Г. Чулков. Наши спутники
1905 год. Редакция "Вопросов Жизни" в Саперном переулке. Я на должности не канцеляриста, а Домового – все хозяйство у меня в книгах за подписями (сам подписывал!) и печатью хозяина моего Д. Е. Жуковского, помните: "высокопоставленные лица" обижались, когда под деловыми письмами я подписывался: "старый дворецкий Алексей". Марья Алексеевна, младшая конторщица, убежденная, что мой "Пруд" есть роман, переведенный мною с немецкого, усумнилась в вашей настоящей фамилии:
– Блок! Псевдоним?
И когда вы пришли в редакцию – еще в студенческой форме с синим воротником – первое, что я передал вам, это о вашем псевдониме.
И с этой первой встречи, а была весна петербургская особенная – и пошло что-то, чудное что-то, от чего, говоря со мной, вы не могли не улыбаться.
А. Ремизов. Из Огненной России
В этом году мне удавалось получать довольно много литературной работы: с марта меня печатали в большом количестве "Вопросы Жизни" (преимущественно – рецензии). Осенью я познакомился с С. А. Венгеровым, для которого перевел несколько больших и маленьких юношеских стихотворений Байрона, в издании Ефрона, для III тома, и теперь жду новых переводов Байрона от него же. Кроме того, Венгеров заказал мне историко-литературную компиляцию: "Очерк литературы о Грибоедове", на которую пошло довольно много труда. Если жизнь всех издательских фирм не прервется окончательно (а это становится, по словам того же Венгерова, очень возможным), – моя работа войдет в какое-то новое школьное издание Грибоедова. Таким образом я все-таки доволен работой истекающего года. Стихов писал много, чувствую, что в них еще много неустановившегося, перелом длится уже несколько лет. Появления новых стихов в печати жду в начале будущего года, – основываются бесчисленные журналы, из которых иные, впрочем, могут и прогореть. Все это ужасно шатко теперь.

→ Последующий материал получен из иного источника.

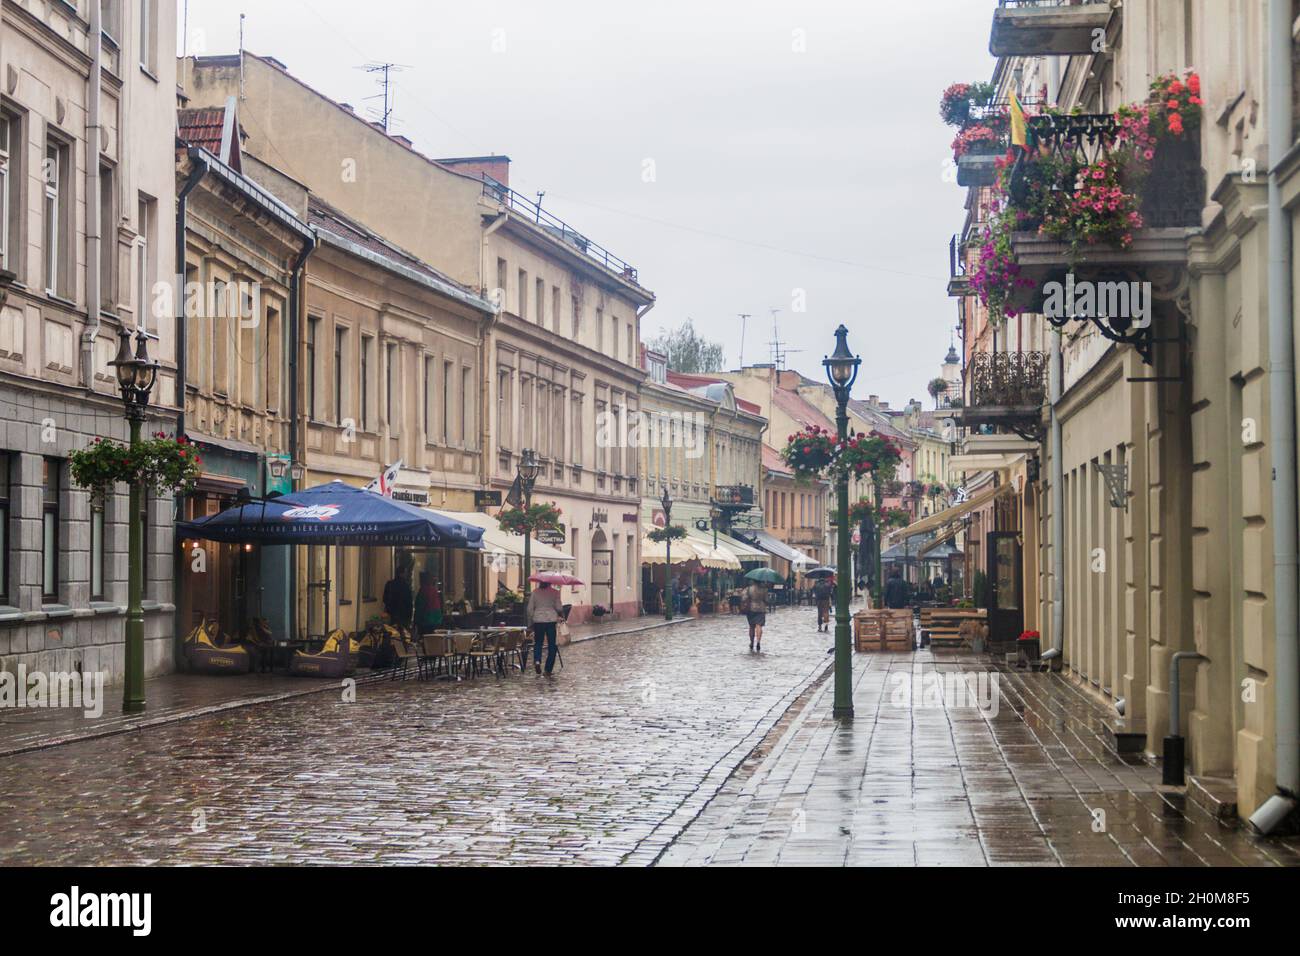 KAUNAS, LITHUANIA - AUGUST 16, 2016: People walk along Vilniaus gatve street in Kaunas, Lithuania Stock Photo
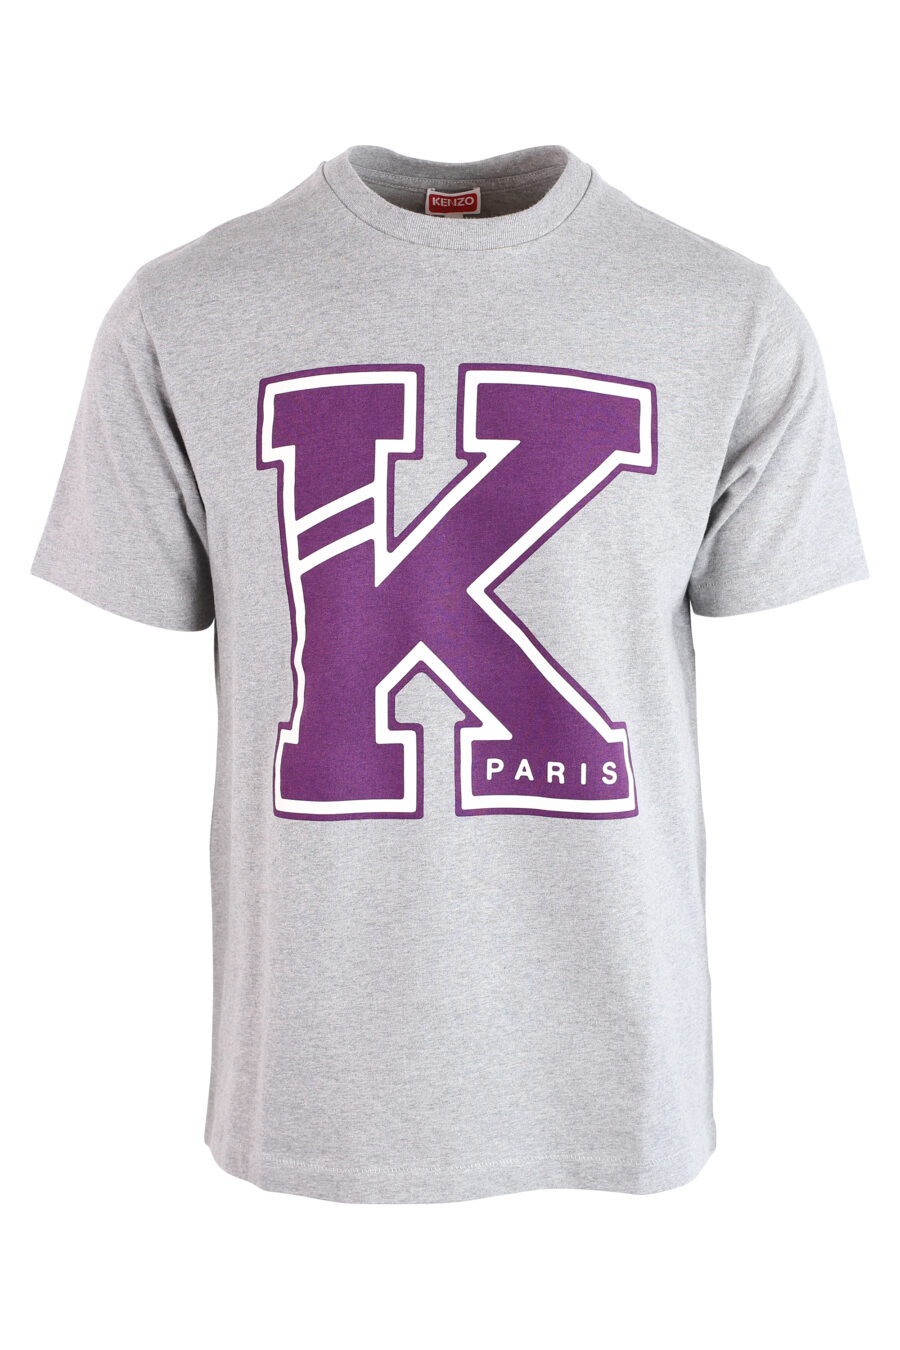 Grey T-shirt with violet "K" maxillogram - IMG 3195

Письмо к отцу 30/XII – 1905 г.
Журнал "Вопросы Жизни" издавался в 1905 году. Официальным редактором журнала был Н. О. Лосский, издателем – Д. Е. Жуковский. Этот журнал возник по инициативе Е И. Чулкова после того, как журнал "Новый Путь", куда в конце 1904 г. вошли С. Н. Булгаков и Н. А. Бердяев, прекратил свое существование из-за разногласий, возникших между Д. С. Мережковским и Г. И. Чулковым. "Вопросы Жизни" был тогда единственный толстый петербургский журнал, который оказал широкое гостеприимство символистам, в то время еще не признанным критиками и широкими кругами читателей. На страницах "Вопросов Жизни" печатались замечательнейшие произведения эпохи – роман "Мелкий Бес" Федора Сологуба, трактат Вячеслава Иванова "Религия Диониса", стихи Александра Блока и др.
Письма, примеч.
Последние месяцы существования "Нового Пути", а затем год журнальной работы в "Вопросах Жизни" характеризуются не столько богословским творчеством, сколько академической работой.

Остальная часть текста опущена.